WORK INSTRUCTIONS:
The copy has to match the data exactly and leave out every picture.

SUPPLIED INFORMATION:
------------------------------------

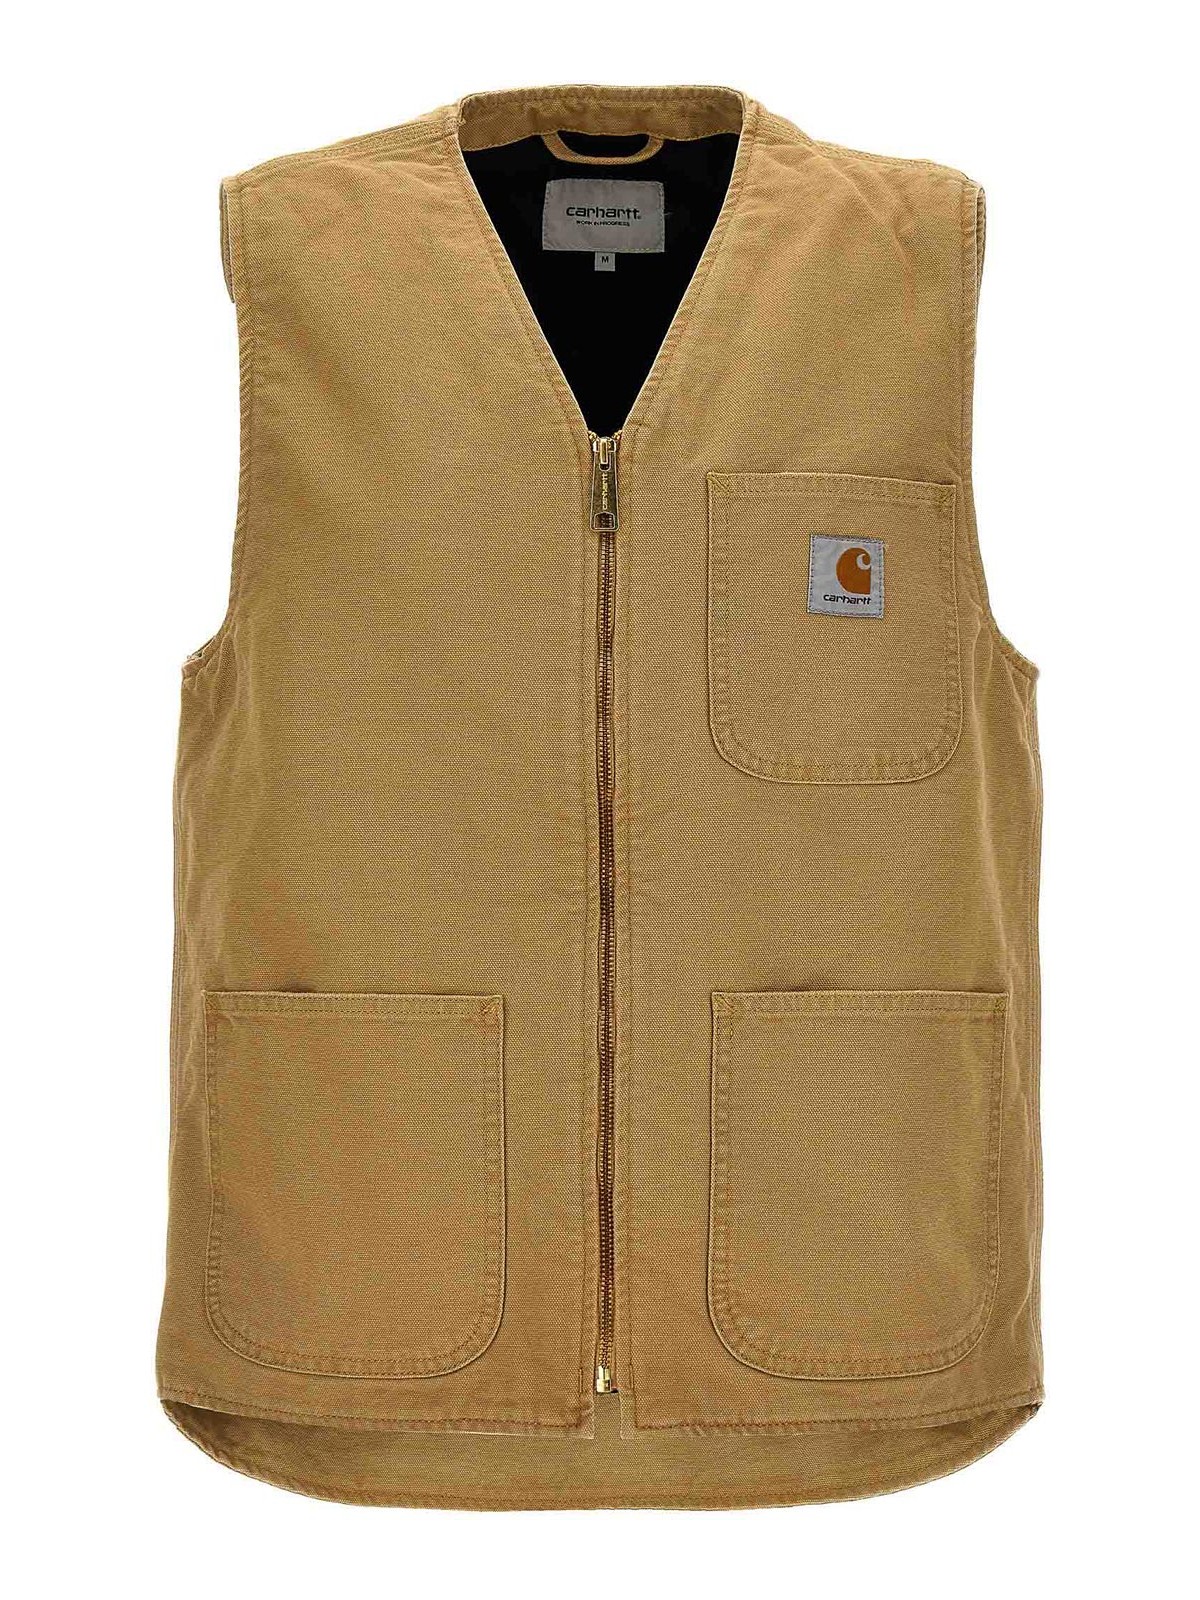 Carhartt Arbor Vest With Pockets In Beige
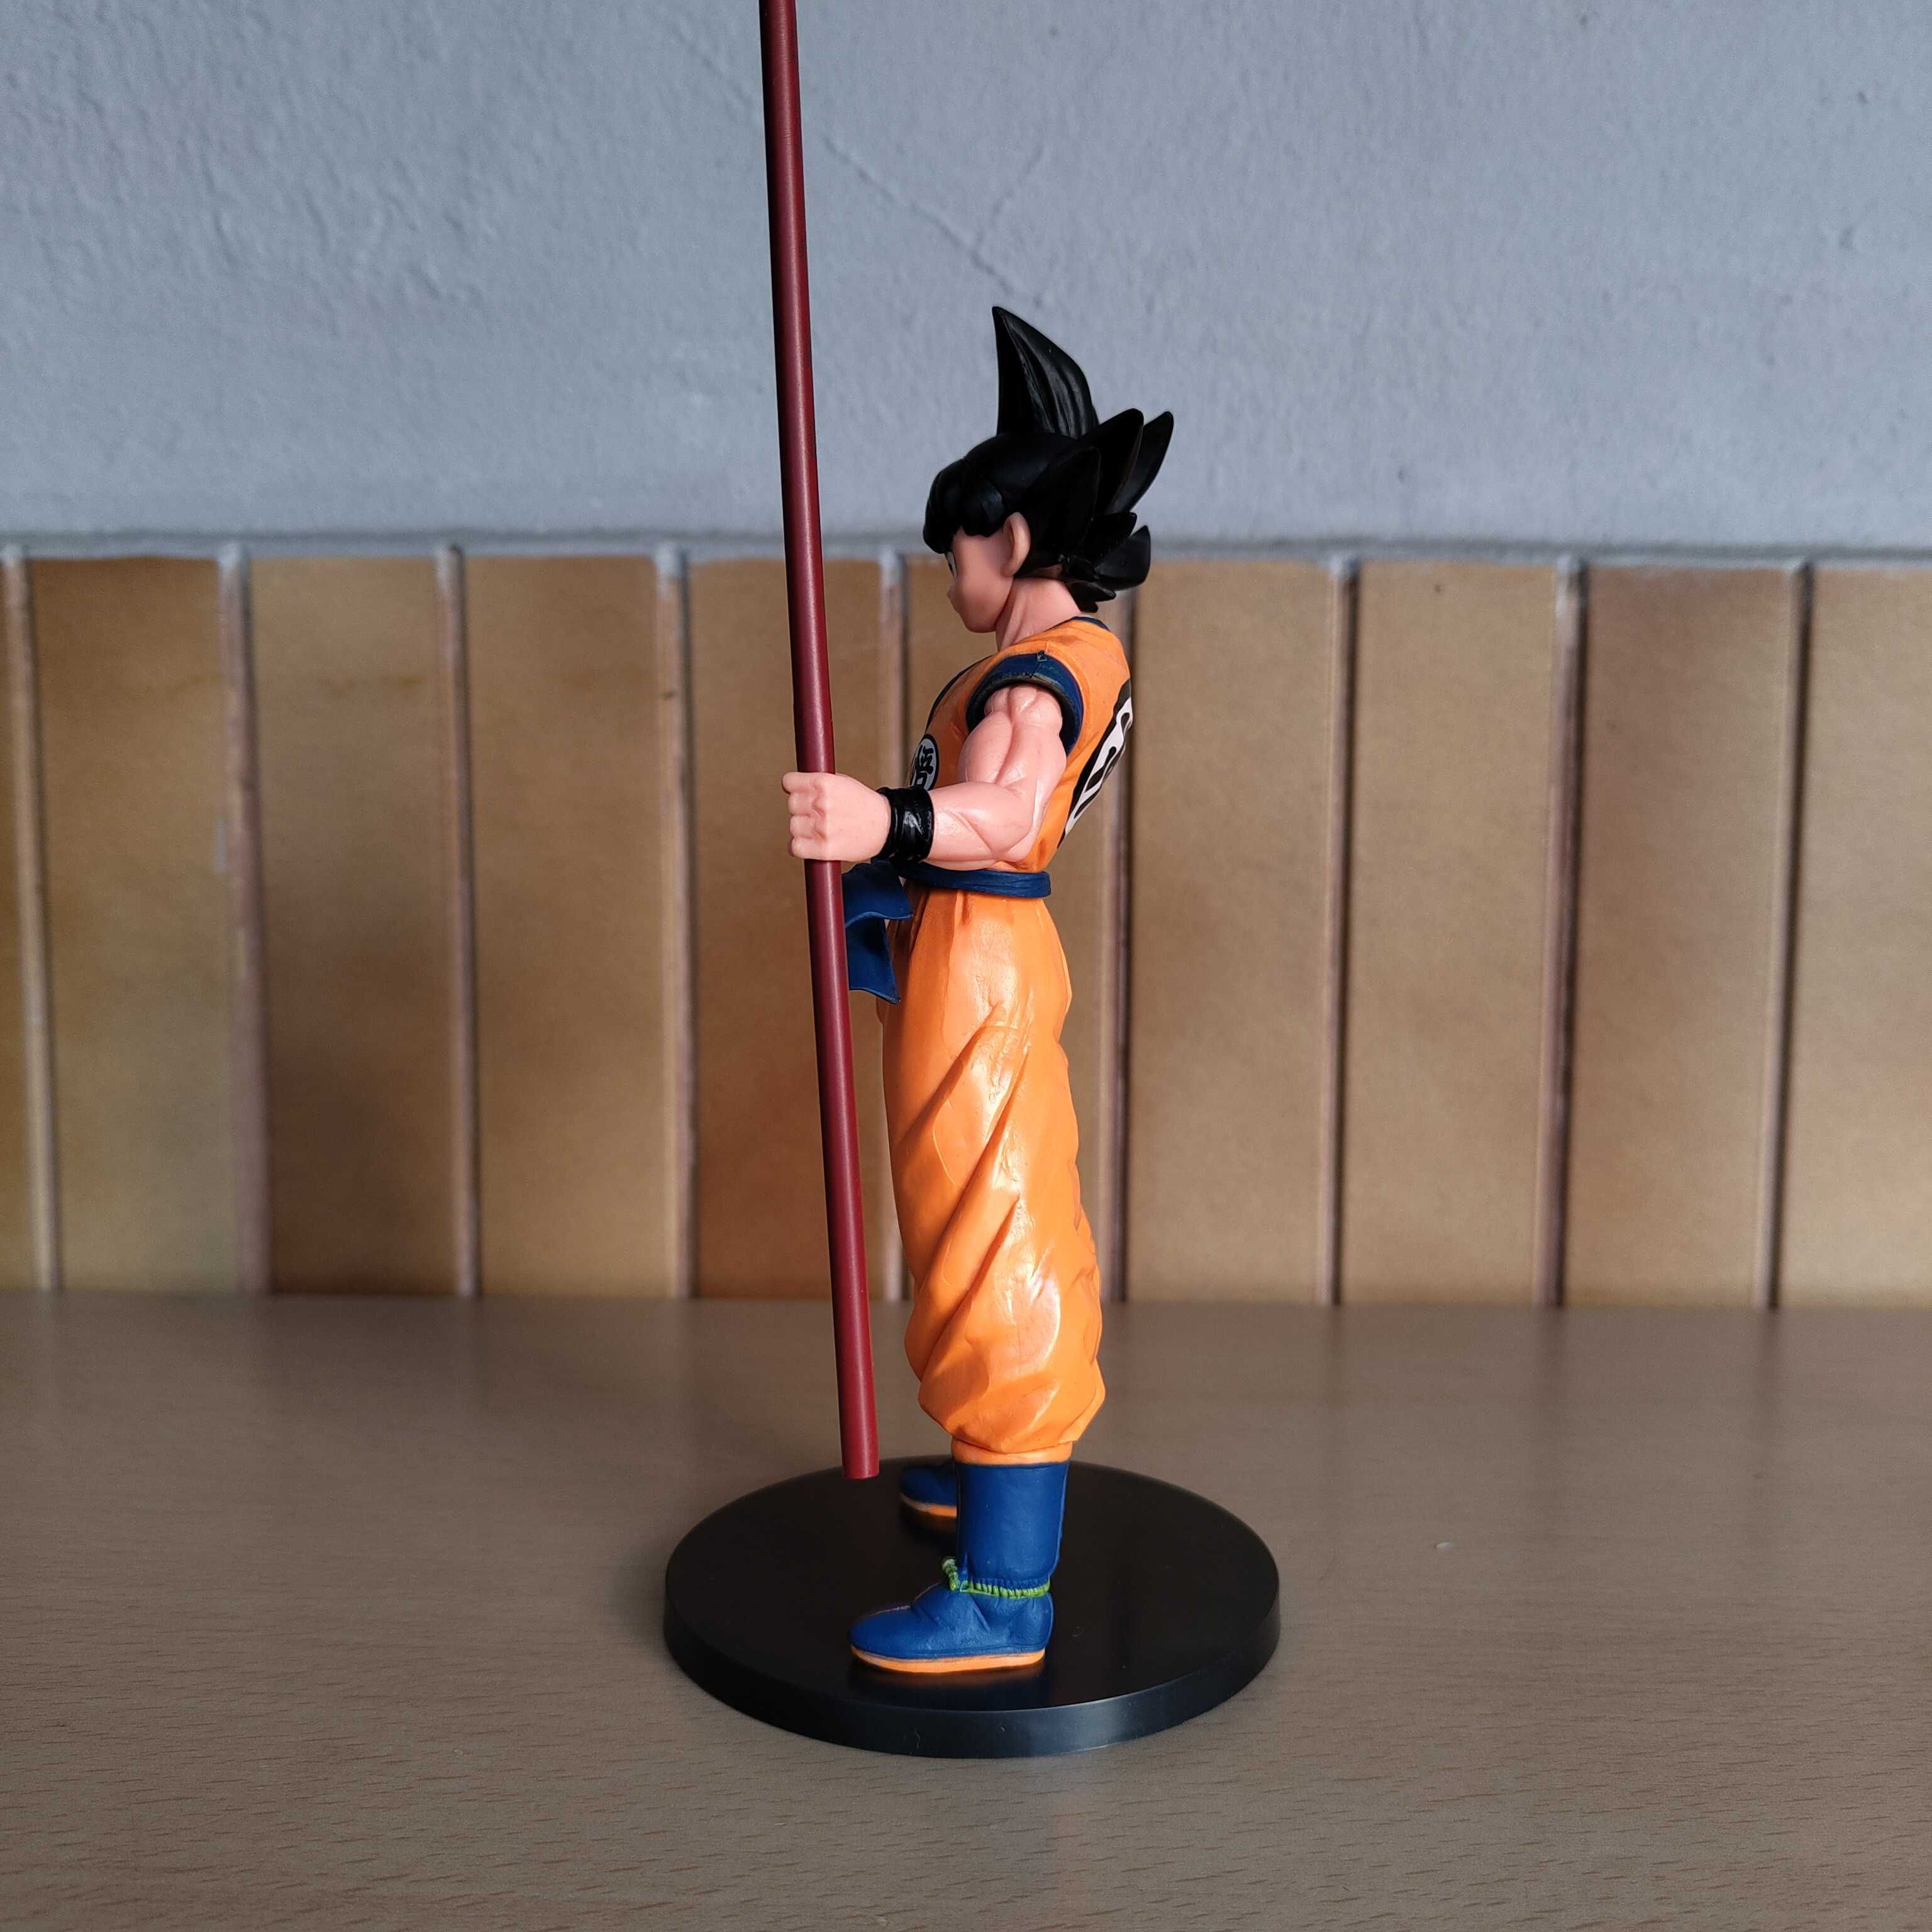 Boneco Figura Son Goku Dragon Ball
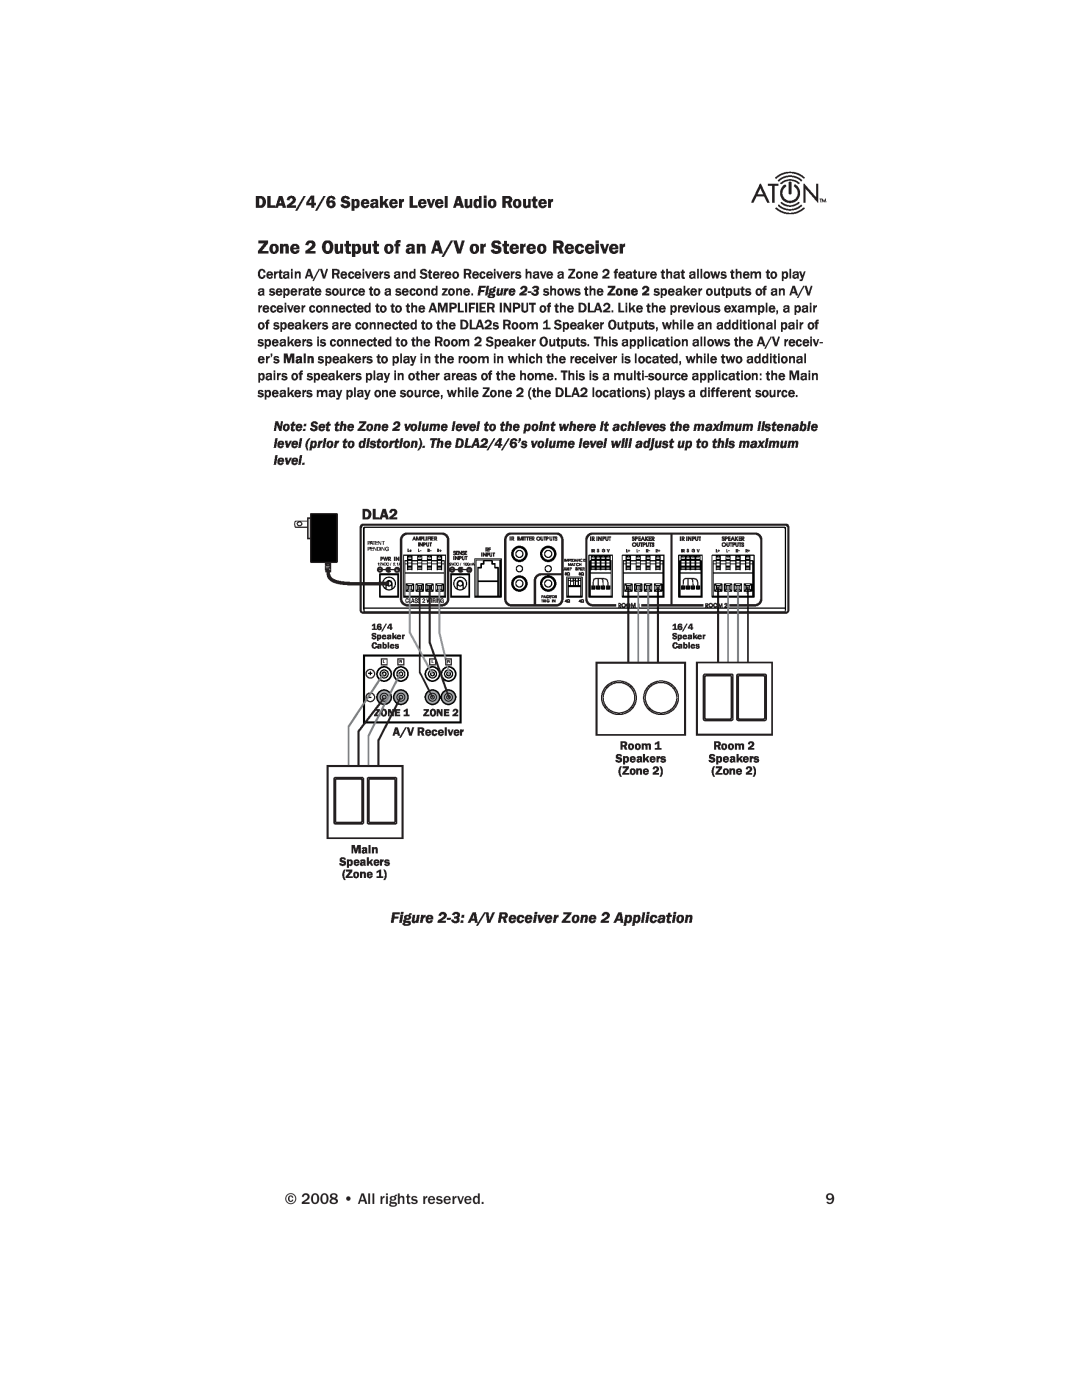 ATON DLA6, DLA4, DLA2 manual Zone 2 Output of an A/V or Stereo Receiver, 3 A/V Receiver Zone 2 Application

------------------------------------

RESPONSE AREA:
 Carhartt Arbor Vest With Pockets In Beige
 Boneco Figura Son Goku Dragon Ball
 ATON DLA6, DLA4, DLA2 manual Zone 2 Output of an A/V or Stereo Receiver, 3 A/V Receiver Zone 2 Application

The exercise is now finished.